Still I feel like I am helplessly watching the future life of my S/D and the happiness of my W slowly spiral down the drain. This is powerful language and certainly sounds serious enough to me to be described as an emergency.

How about finding a therapist immediately and figuring out who goes when?

You and wife, perhaps, to start?

And your step-daughter is clearly acting out and cannot be anything but very unhappy. At eight, she needs help.

How has she coped with her father’s suicide, and has she had some professional counseling for that, if nothing else? That is major stuff.

bkcunningham's avatar

They are intertwined in a codependent relationship. They have a life changing experience in common and their behavior is sort of like post traumatic stress syndrome. It isn’t hopeless and it sounds like there is a lot of love in your family. Please, get counseling from someone you trust and respect. Even if your wife doesn’t want to go, go by yourself. It won’t hurt and will only help. God bless you guys. I hope you work on this.

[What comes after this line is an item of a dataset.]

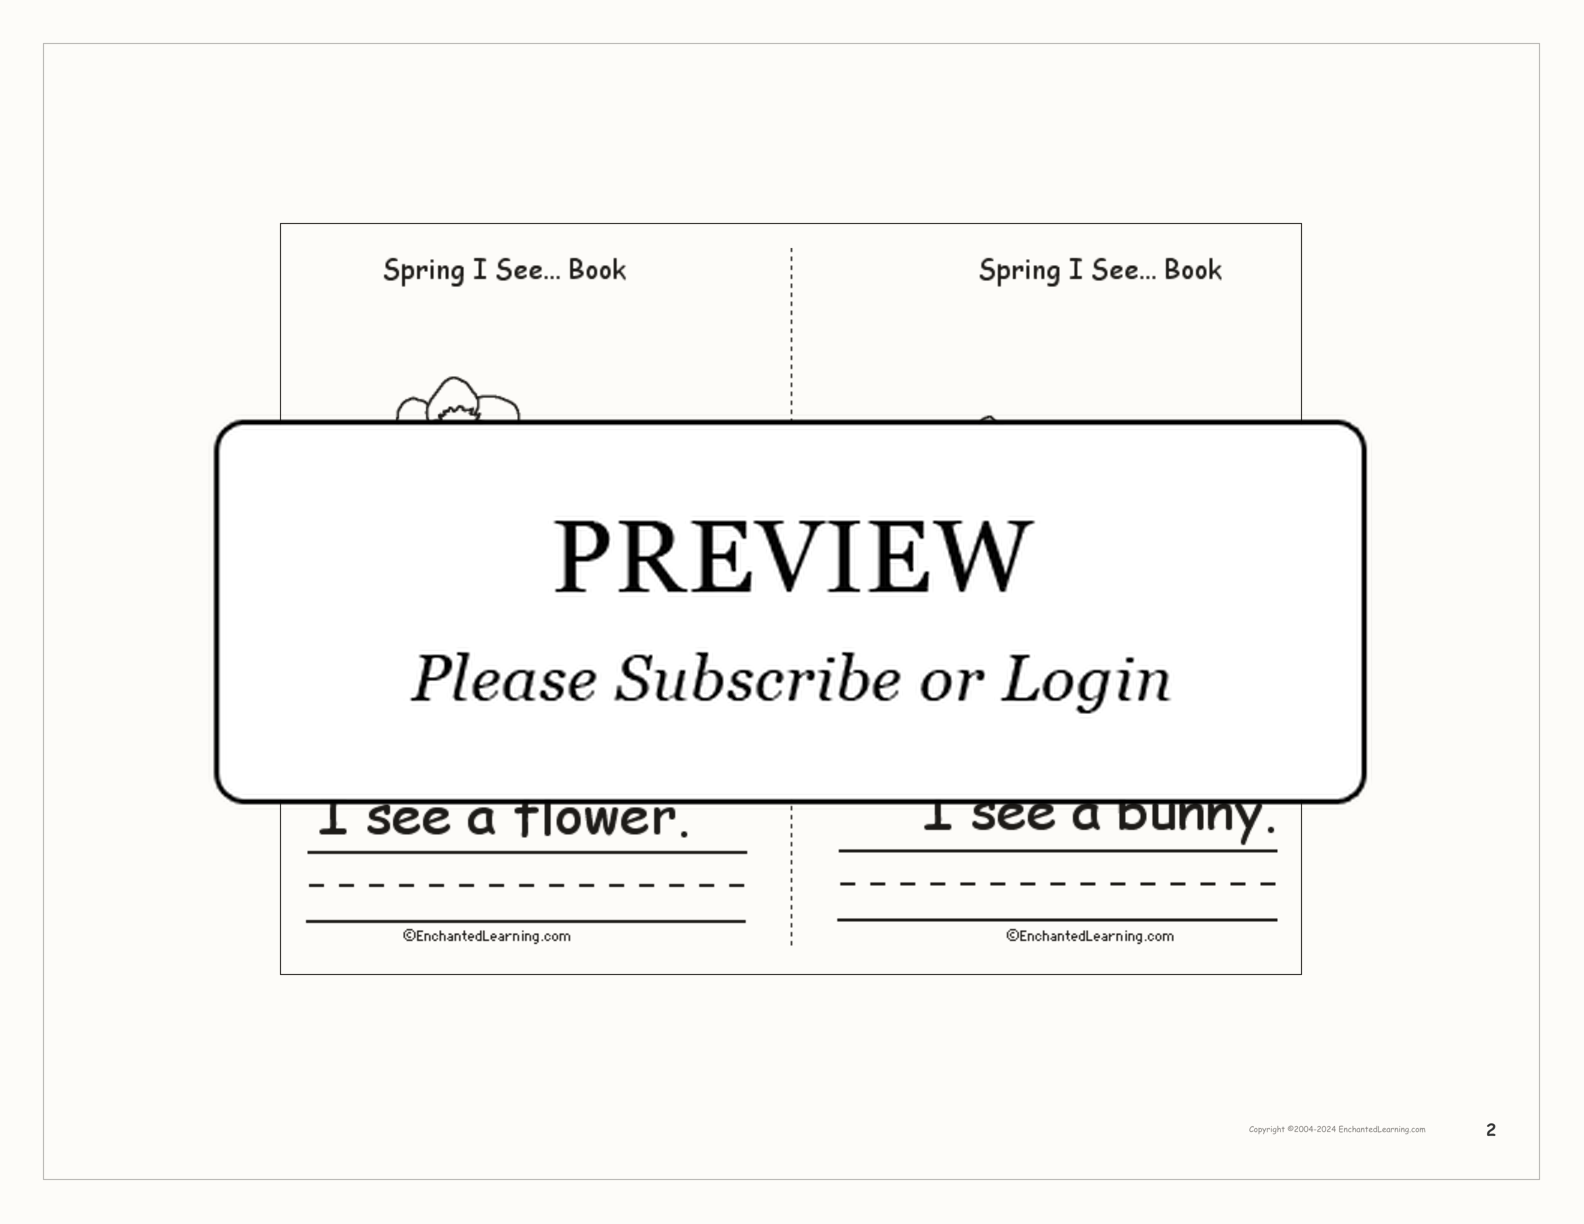 Spring I See... A Printable Book interactive worksheet page 2

EDIT: I want to add that you could find yourself getting involved in the codependent situation as an enabler trying to “fix” everyone. Don’t do it. Get some counseling and be happy.

geeky_mama's avatar

@noraasnave – before I answer your question I’d like to draw you a picture of where I’m coming from. I’m a custodial step-mom to a teen (high-school) aged SD, and parent to a daughter (11) and son (soon to be 8).

Let me first observe that as a step-parent I often saw (and see) times where my SD is/was manipulating her parents (and sometimes playing all three of us against each other) – and often I was the first one (as the step-parent) to be able to clue into the dynamic. There truly is something to that ability to see a bit from the outside looking in occasionally as a stepparent.
I remain the most skeptical of the three parents in our little parenting triangle – (SD’s biomom is alive, but not the primary home/household for SD)...though in my case, I have the advantage in that I’ve been the primary caretaker (along with her dad) for my SD since she was about 2yrs old. So, she really doesn’t remember a time without me.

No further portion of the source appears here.